LM Arena (Chatbot Arena) Elo Rankings

#	Model	Provider	Score
1	Claude Opus 4.6 Thinking	Anthropic	1504
2	Gemini 3.1 Pro Preview	Google	1493
3	Grok 4.20 Beta1	xAI	1491
4	GPT-5.4 High	OpenAI	1484
5	Claude Sonnet 4.6 Thinking	Anthropic	1478
6	GPT-5.4	OpenAI	1470
7	Gemini 3.1 Flash	Google	1455
8	DeepSeek V4	DeepSeek	1445

LM Arena (formerly LMSYS Chatbot Arena) ranks models using Elo ratings from crowdsourced human pairwise comparisons.

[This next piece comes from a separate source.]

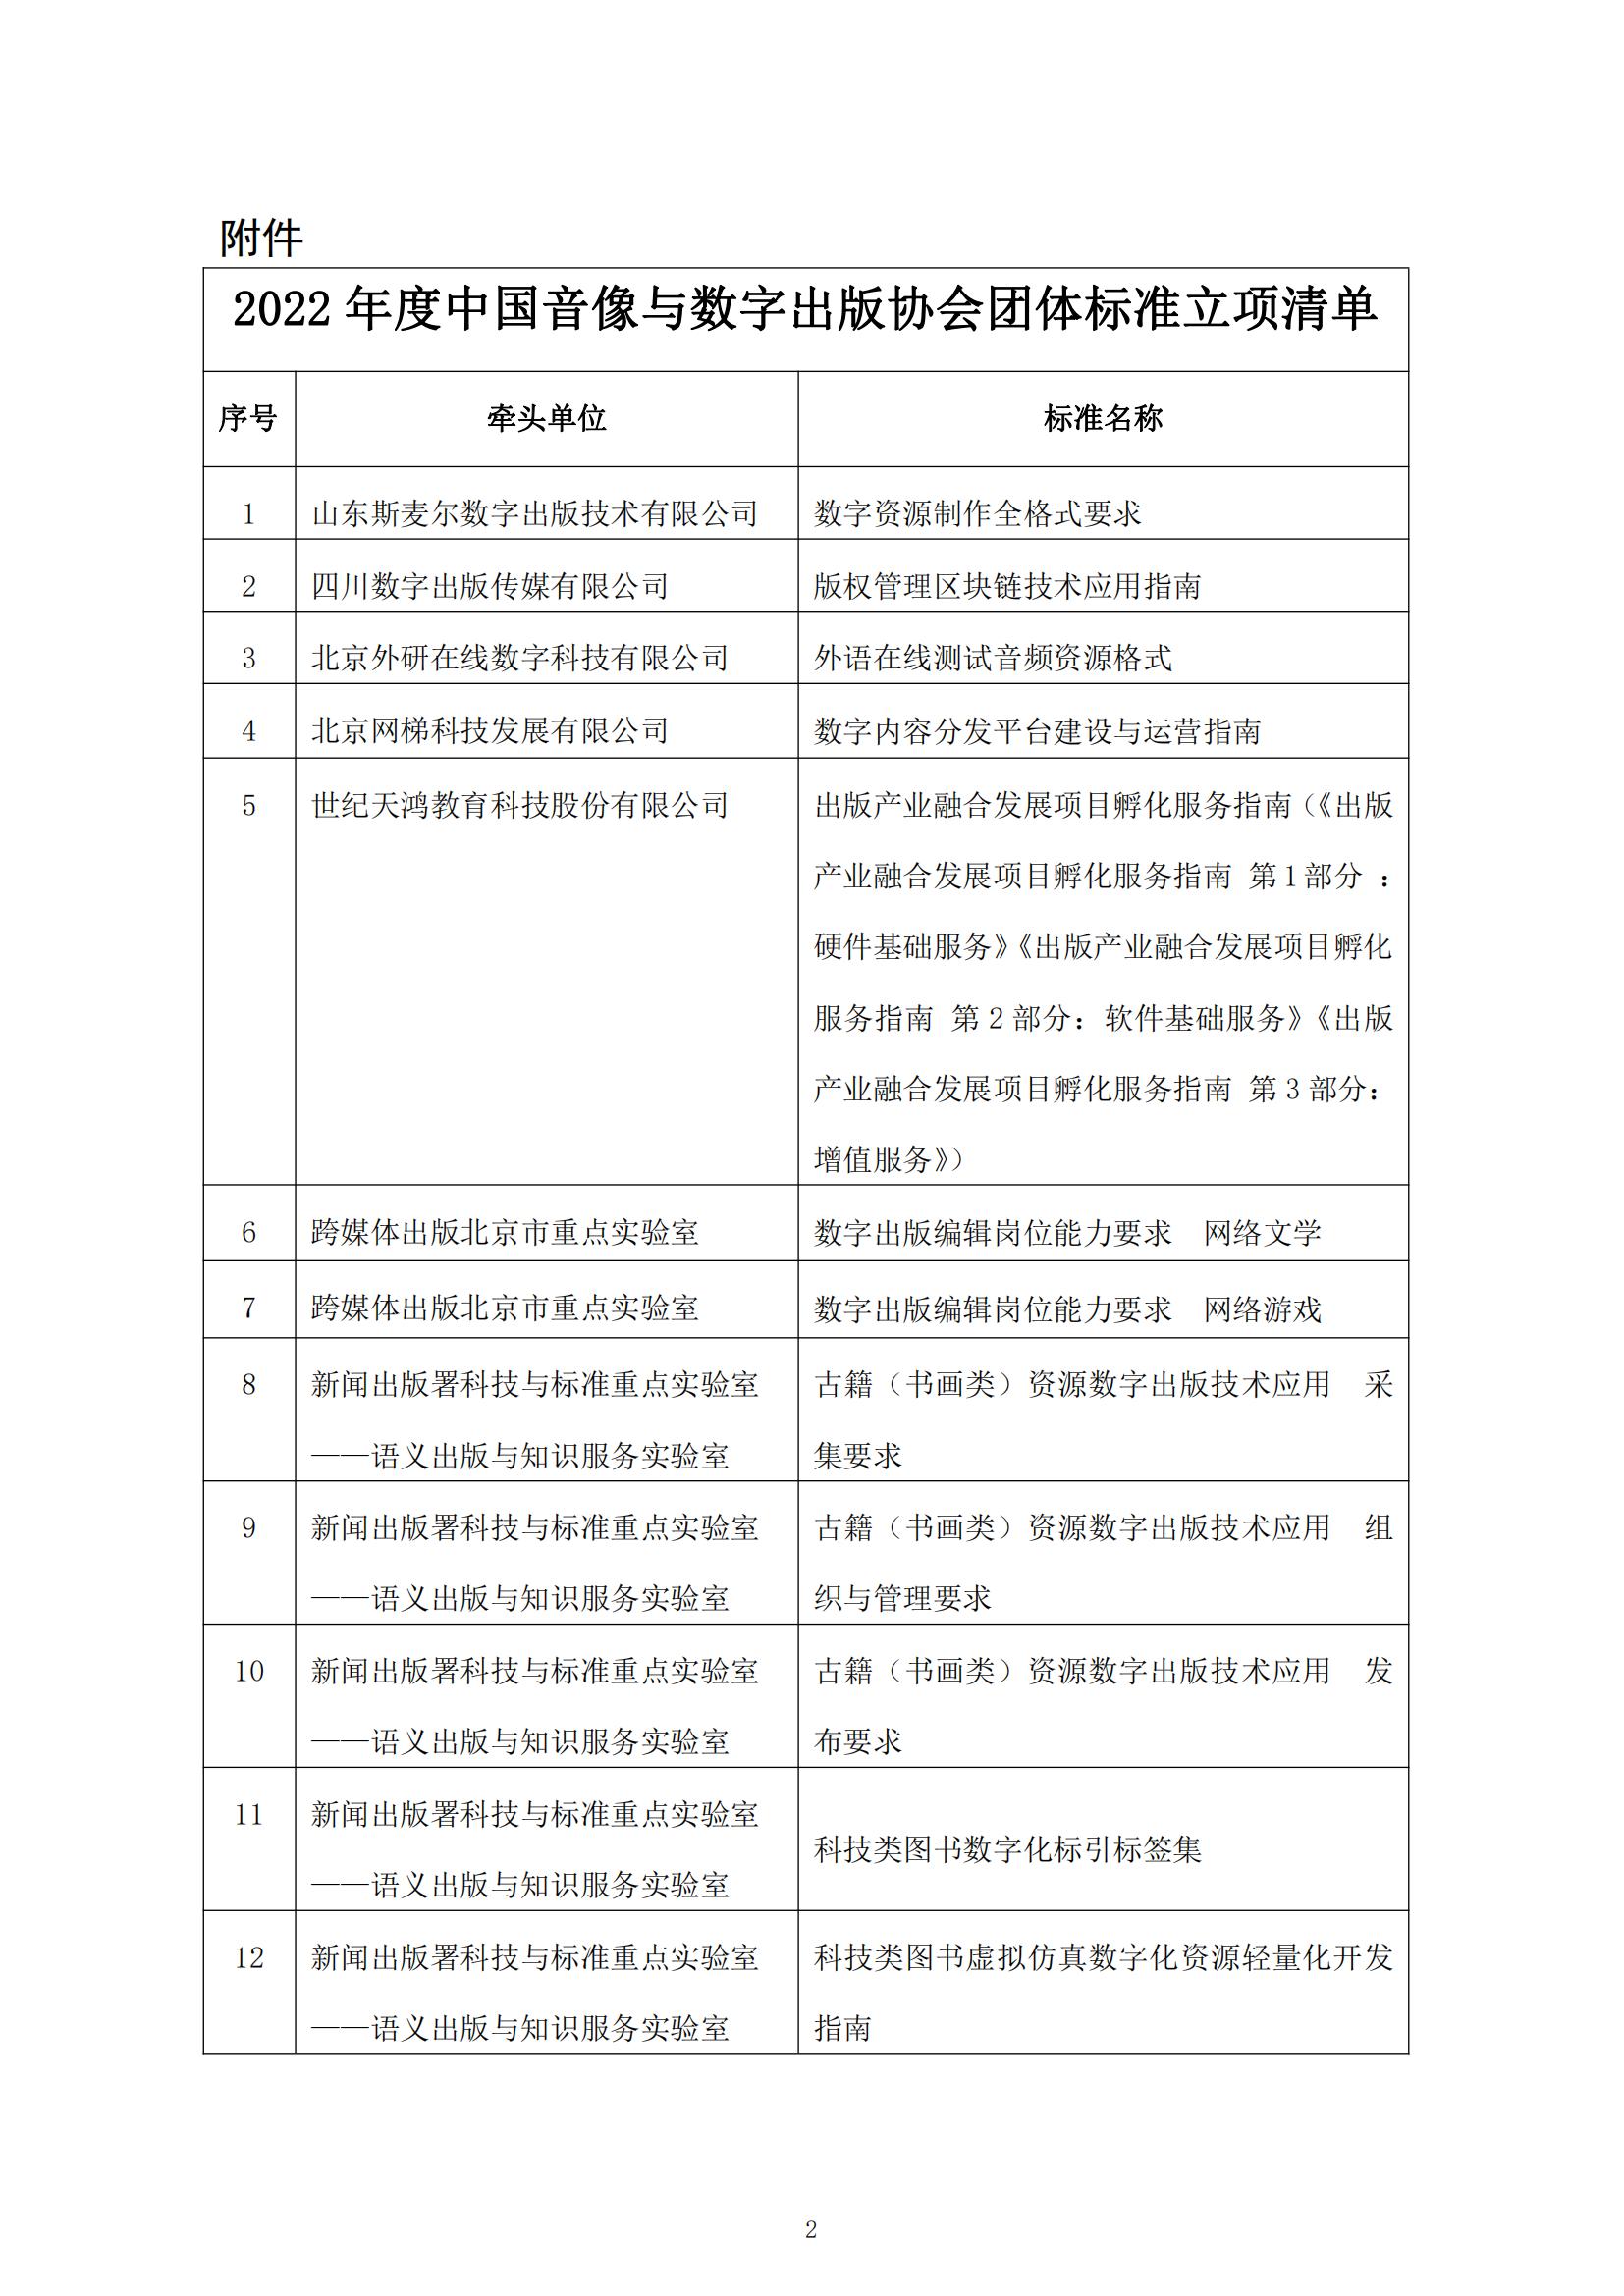 關于2022年度中國音像與數字出版協會團體標準立項的通知_01.jpg

Users chat with two anonymous models and vote for the better response.

Trends — April 2026

Reasoning-optimized models dominate. Claude Opus 4.6 Thinking uses hidden chain-of-thought to debug outputs before the user sees them.
Grok 4.20 disrupts the top tier — climbed to #3 globally, surpassing GPT-5.4.
Gemini 3.1 Pro Preview outperforms GPT-5.4 High by 9 Elo points in the text arena.
Anything above 1400 Elo is considered frontier-level performance.

The leaderboard updates daily as thousands of new human comparisons are processed.